[Part.2] Crawling with Python! Click the web page to move!

at first

Oops! Recently, I'm Jesse (I'm from Human Wolf J ~ ♪) with only 15 reverse cats! The continuation of the last time has been completed, so it's open to the public! If you like, read from the previous one (https://qiita.com/Jessica_nao_/items/b9f38a4413e424e3e585)!

Thing you want to do

There is only one URL, but I wanted to extract all the data from the table, which has 20 pages of 100 items each, at once. I got the selenium webdriver to do my best! Oh, as the tag says, I'm using Python3!

Crawling x scraping with Python and Selenium!

--Part2: This page! I used Chrome Webdriver to click on an element in the page to move it! The data was saved as csv ~.

Contents

--First, I prepared a function mkFN that creates a file name. --Save the web page source to a text file. Only this, the behavior is different between the first page and the second and subsequent pages, so I wrote the repetition in one function gettxt2! On the page I wanted to gather information on, I could go to the next page by pressing the link that says "Next"! --Next, trimming. --Finally, I saved it in a csv file! I was careful that I had to start a new line for each item / loaded file!

Reflection

I think it was pretty smart to have a function to create a file name! Lol

Since the part to write the file has appeared many times, this is also

sample.py


 def mkFile():

I thought it would have been better to paste the process below into this and divide it into functions.
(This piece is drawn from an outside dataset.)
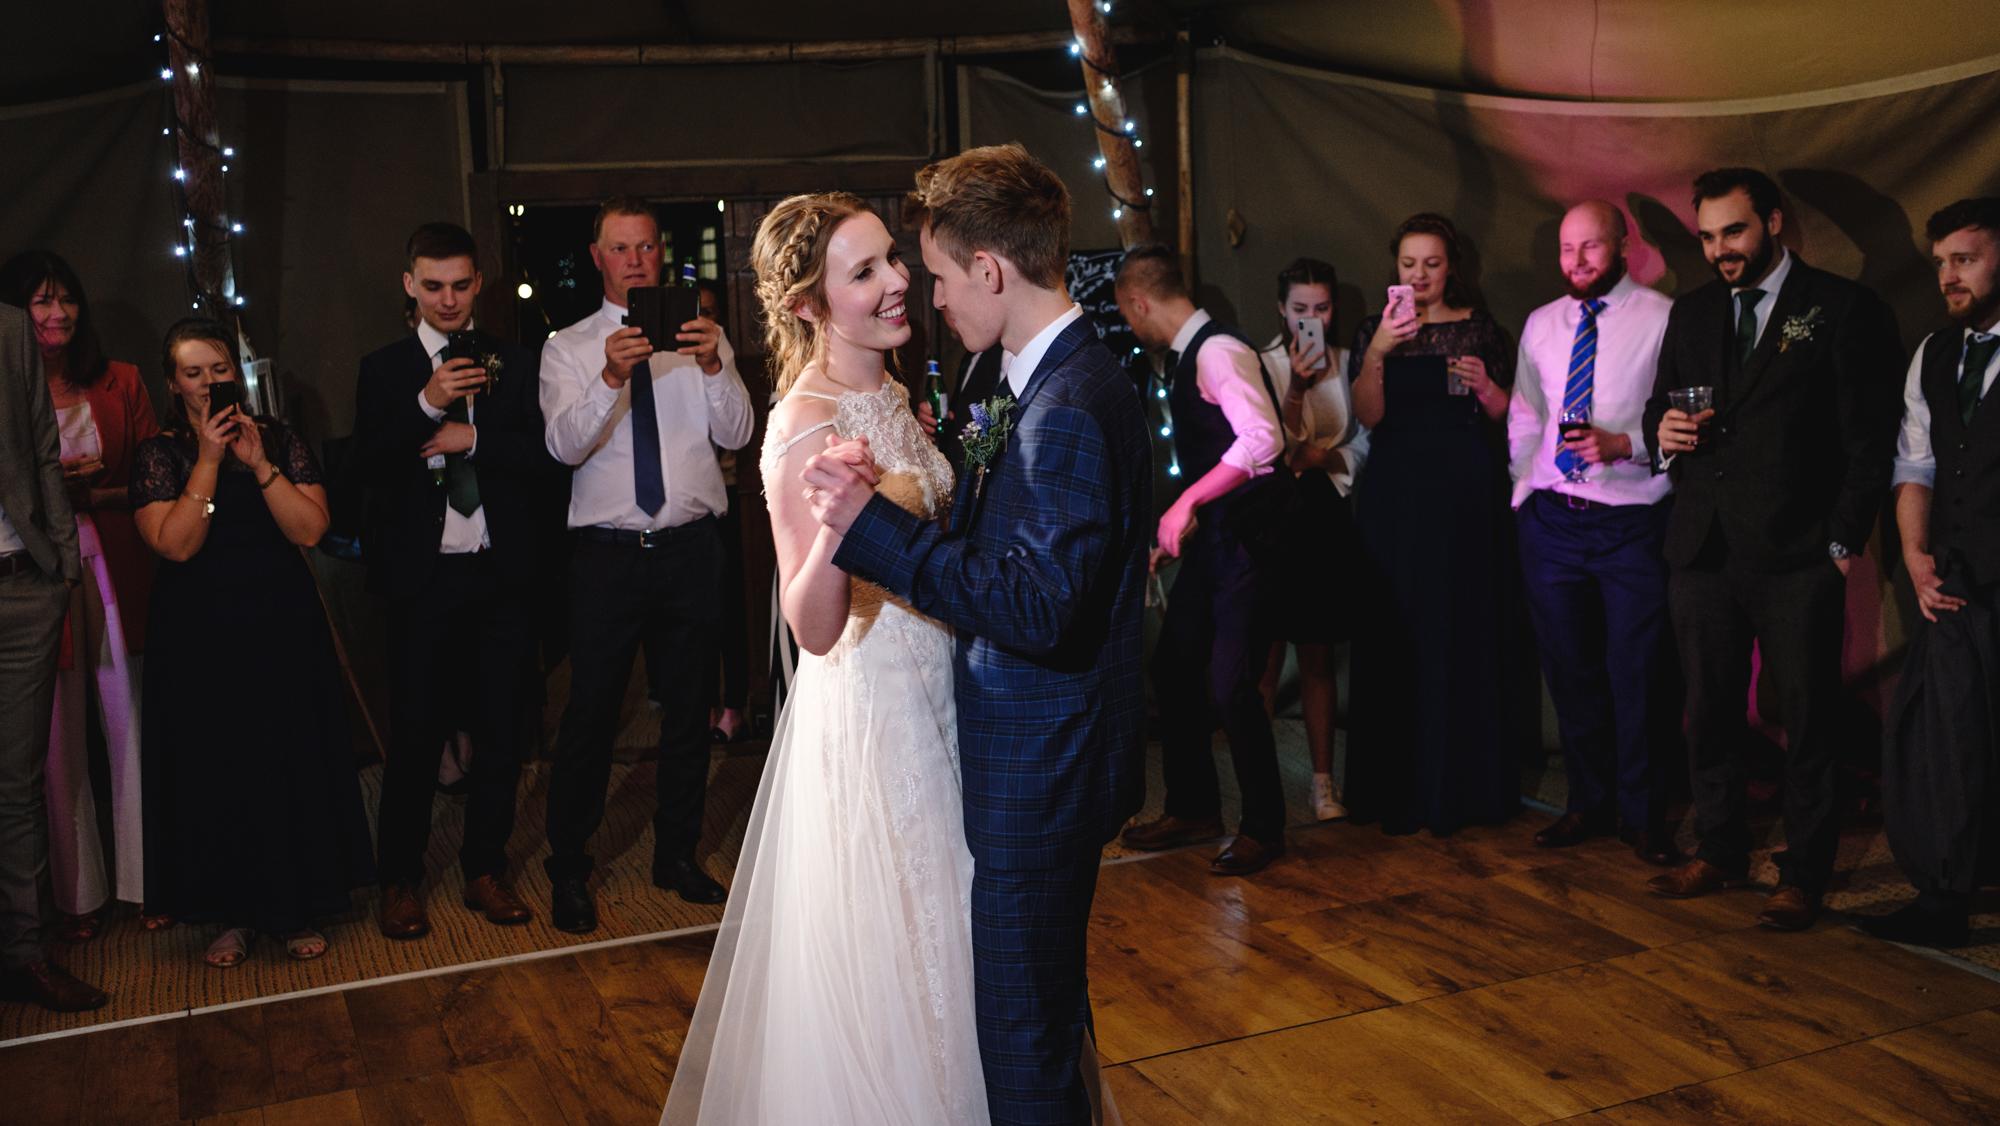 Katie and Dode weddings (191 of 207).jpg

Also, I think this is probably the most stumbling block, It will take some time to load the page, so be sure to take a break! This is ↓↓

sample.py


 sleep(3):

Don't forget to import sleep from time first because you have a break!

Deliverables

sample.py


import re
from selenium import webdriver
from time import sleep

#I thought it would be better to open it with excel, so Shift_I went to JIS once,
#Are there any characters that cannot be displayed? I don't know, but I gave up because I got an error.
mojicode = "utf8"

def mkFN(cnt,typeindex):
    types = [
        ["sample_", ".txt"],
        ["trimmed_", ".txt"],
        ["fin_", ".csv"],
    ]
    cntstr = str(cnt)
    if len(cntstr) == 1:
        cntstr = "0" + cntstr
    ans = "data/"
    ans += types[typeindex][0] + cntstr + types[typeindex][1]
    return ans

def gettxt2(cnt):
    url = "https://www.sample.com"
    path = "/Users/sample/Downloads/chromedriver"
    fn0 = "data/sample"
    fn1 = ".txt"
    
    driver = webdriver.Chrome(path)
    driver.get(url)
    sleep(3)
    output = driver.page_source
    filename = mkFN(0,0)
    with open(filename,"w",encoding=mojicode) as f:
        f.write(output)
    print(filename + ": done.")

    #Does it seem like you have to initialize it again?
    output = driver.page_source
    sleep(3)

    for i in range(1,cnt):
        element = driver.find_element_by_link_text("Next")
        element.click()
        sleep(3)
        output = driver.page_source

        filename = mkFN(i,0)
        with open(filename,"w",encoding=mojicode) as f:
            f.write(output)
        print(filename + ": done.")


def trimming(cnt):
    filename = mkFN(cnt,0)
    filename2 = mkFN(cnt,1)
    with open(filename) as f:
        contents = f.read()
    regexen = [
        r'<tbody><tr class="jsgrid-row">',
        r'</td></tr></tbody></table></div><div class="jsgrid-pager-container"',
    ]
    #The plural of index is indices
    indices = [0,0]

    for i in range(0,2):
        matchObj = re.search(regexen[i],contents)
        indices[i] = matchObj.start()
    rslt = contents[indices[0]:indices[1]]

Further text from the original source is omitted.